REQUIRED ACTION: Below are some records. Return exactly the lines from the one with "Sunset on Phu" to the one with "For 1Set ALPINE, PIONEER, BARUM, HANKOOK, BRIDGESTONE, RECARO", and nothing else.
═════ RECORDS FOR THIS EXERCISE ═════
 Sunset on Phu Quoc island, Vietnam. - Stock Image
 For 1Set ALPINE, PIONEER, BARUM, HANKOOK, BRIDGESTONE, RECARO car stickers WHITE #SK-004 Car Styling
═════
═════ RECORDS FOR THIS EXERCISE ═════
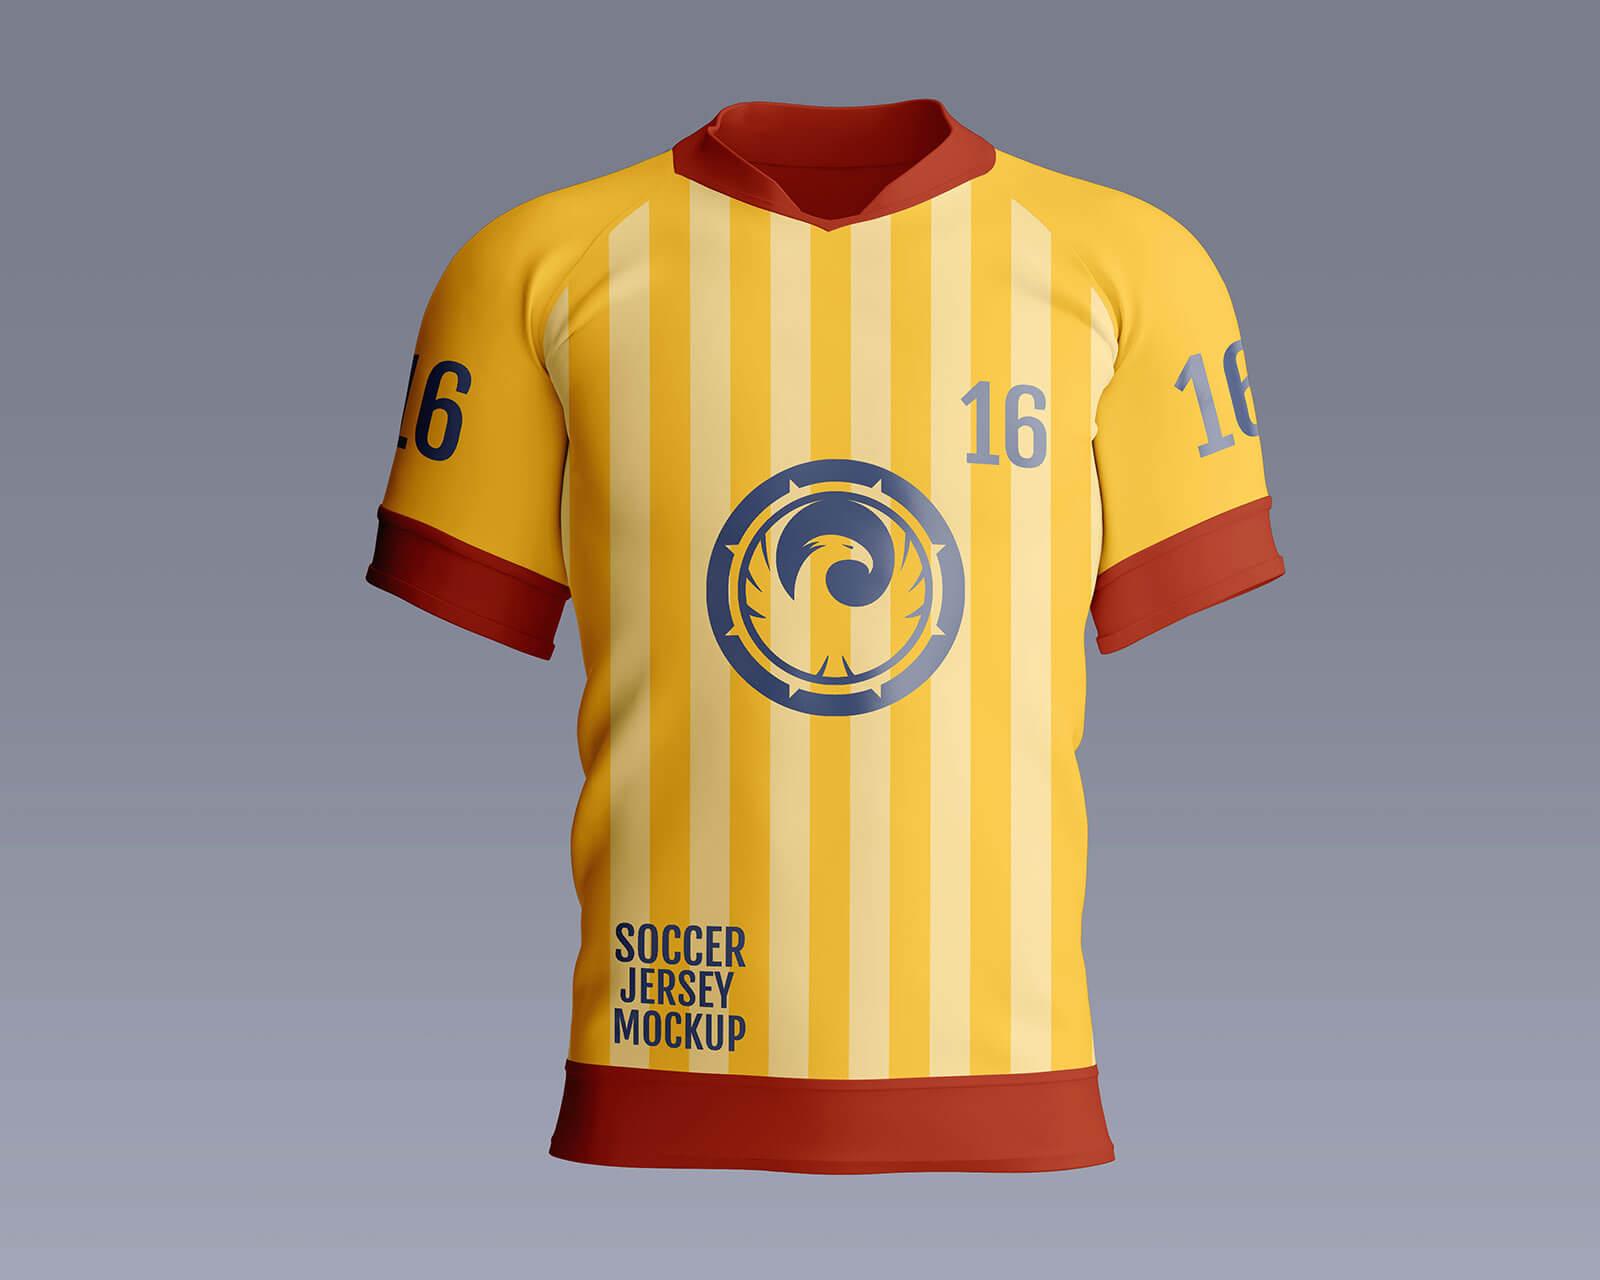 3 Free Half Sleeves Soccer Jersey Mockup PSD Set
═════
ANSWER BOX:
 Sunset on Phu Quoc island, Vietnam. - Stock Image
 For 1Set ALPINE, PIONEER, BARUM, HANKOOK, BRIDGESTONE, RECARO car stickers WHITE #SK-004 Car Styling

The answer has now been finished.